# ~ MCC Reef Paradise ver.2 ~ Exo Terra 22G Rimless Reef Tank



## mcc21 (Oct 24, 2011)

This is my second tank journal. My first tank was the 60G rimless tank. That tank went through several upgrades and now fairly stocked. I was starting to get bored, and when I saw this brand new 22G rimless tank popping up on Craigslist for only $60 I knew I had to jump on it. The dimensions for this tank is awesome. Its 24'x18'12' tank. I really enjoy the depth of this tank, as my 60G was only 16 inches deep.

I slowly accumulated each part and had someone made a custom stand for me, as the dimensions for this tank isn't standard size.

Here is what I have so far:

Exo Terra 22G rimless tank
Custom black stand
Kessil Ocean Blue A150w
Tunze 9004 Skimmer
Hydor Koralia 425 gph powerhead
Tunze Nano Osmolator

Right now I only have sand and ~15 lbs of live rock. Its currently cycling for the first week.

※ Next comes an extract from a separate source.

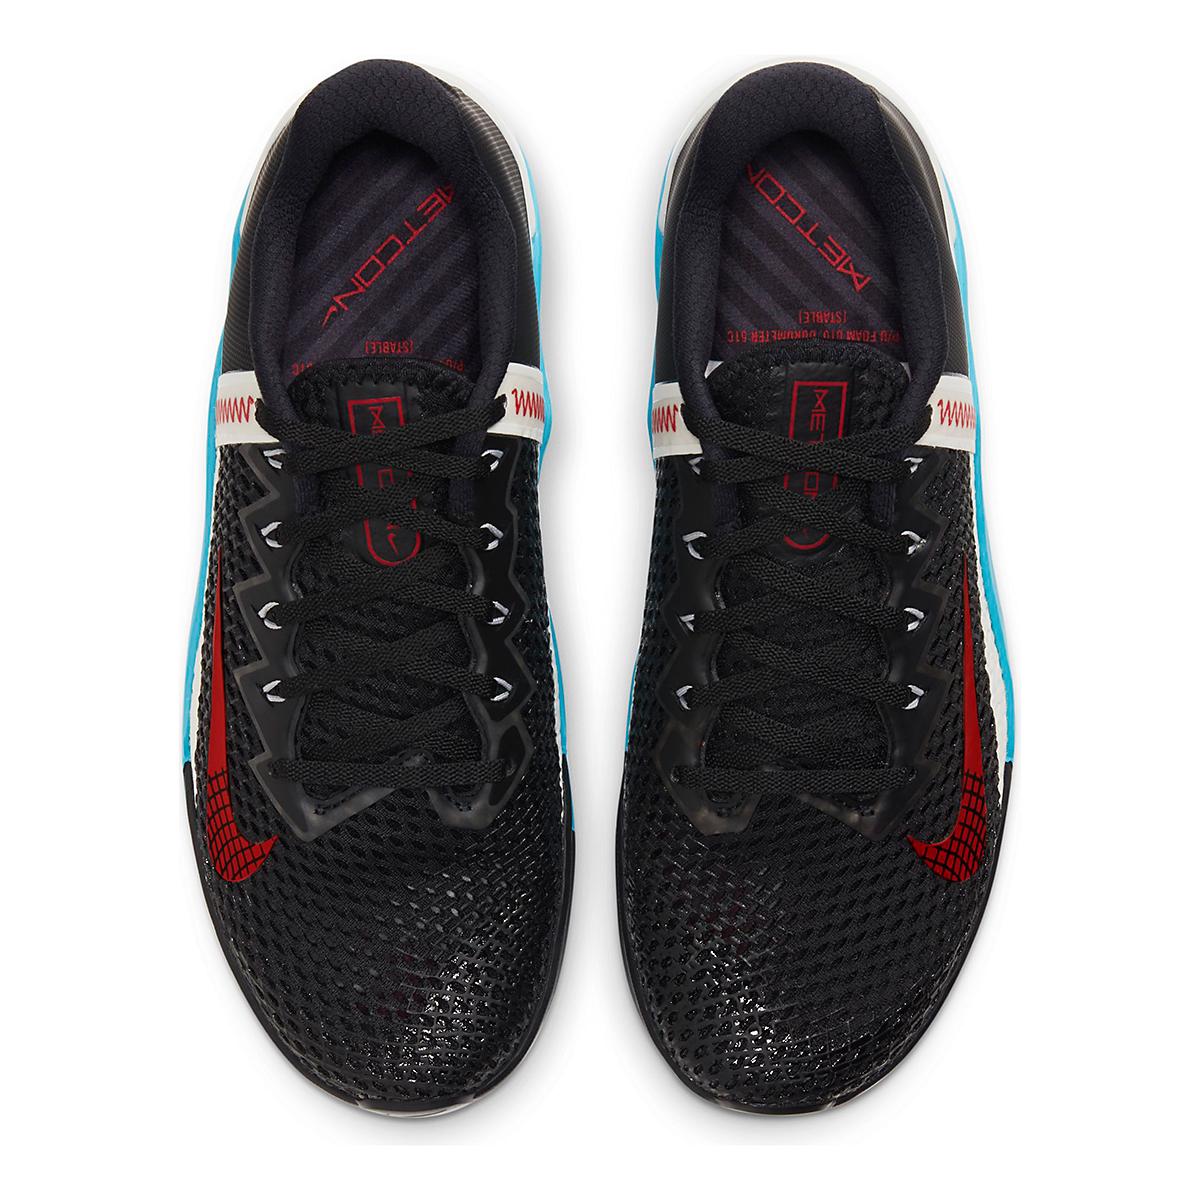 Men's Nike Metcon 6 Training Shoes - Color: Black/University Red/Light Blue Fury - Size: 5 - Width: Regular, Black/University Red/Light Blue Fury, large, image 4
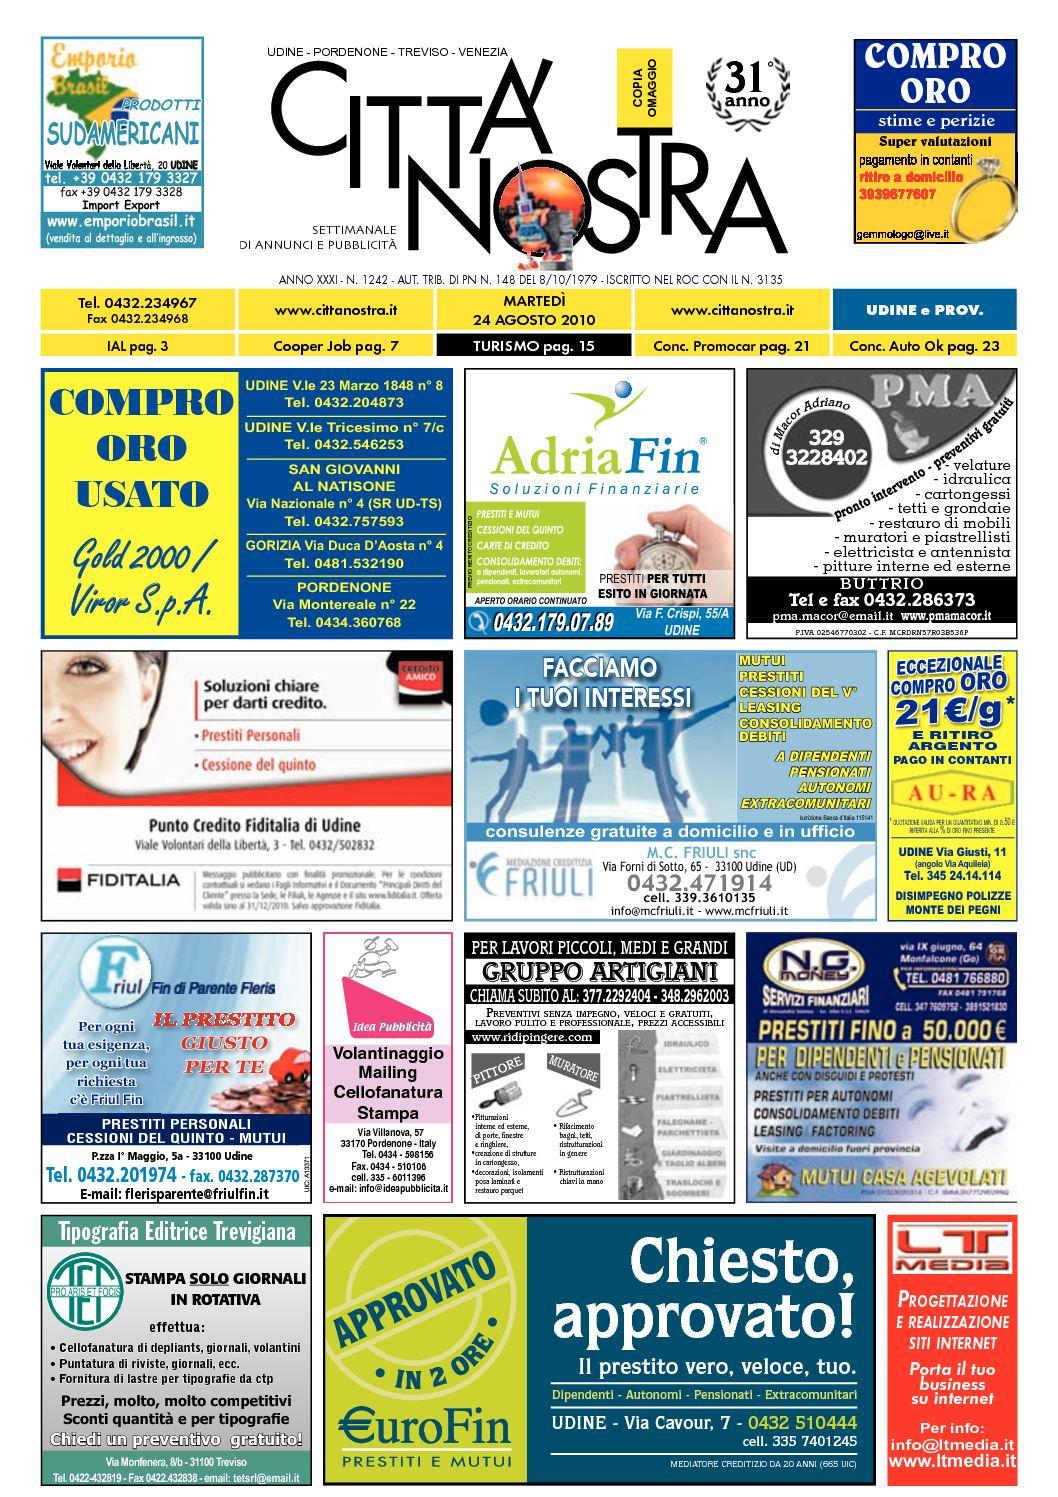 Calaméo Citt Nostra Udine Del 24 08 2010 N 1242

Plans for this tank is to make it into an anemone only tank. I would like to keep a pair of Maroon Clowns and an Potter's Angelfish. Couple shrimps and CUC.


----------



## aQ.LED (Nov 13, 2012)

I think you should move the kessile a bit higher. seems both side are a bit dim, unless that is what you want for spot light effect


----------



## m_class2g (Apr 21, 2010)

Nice. Lights look good. Good deal too =) lol


----------



## blurry (May 10, 2010)

:O your the one that bought my tank, nice looking tank so far


----------



## scott tang (Jan 29, 2012)

looking good when is coral time ?


----------



## mcc21 (Oct 24, 2011)

aQ.LED said:


> I think you should move the kessile a bit higher. seems both side are a bit dim, unless that is what you want for spot light effect


Its actually pretty bright, no spotlight. Its my crappy Samsung S3 camera =(



blurry said:


> :O your the one that bought my tank, nice looking tank so far


Yes I am i believe =)



scott tang said:


> looking good when is coral time ?


hahaha...no plans for corals... anenomes =)


----------



## scott tang (Jan 29, 2012)

ooo cool rock flower ? maxi mini or bta ? also id cover your power head in foam so them nems can cewicide


----------



## mcc21 (Oct 24, 2011)

scott tang said:


> ooo cool rock flower ? maxi mini or bta ? also id cover your power head in foam so them nems can cewicide


Thanks! i take my chance haha

i want everything! lol... carpet and BTA for sure. and some wavy one... Rock flower ones are so rare locally and $


----------



## mcc21 (Oct 24, 2011)




----------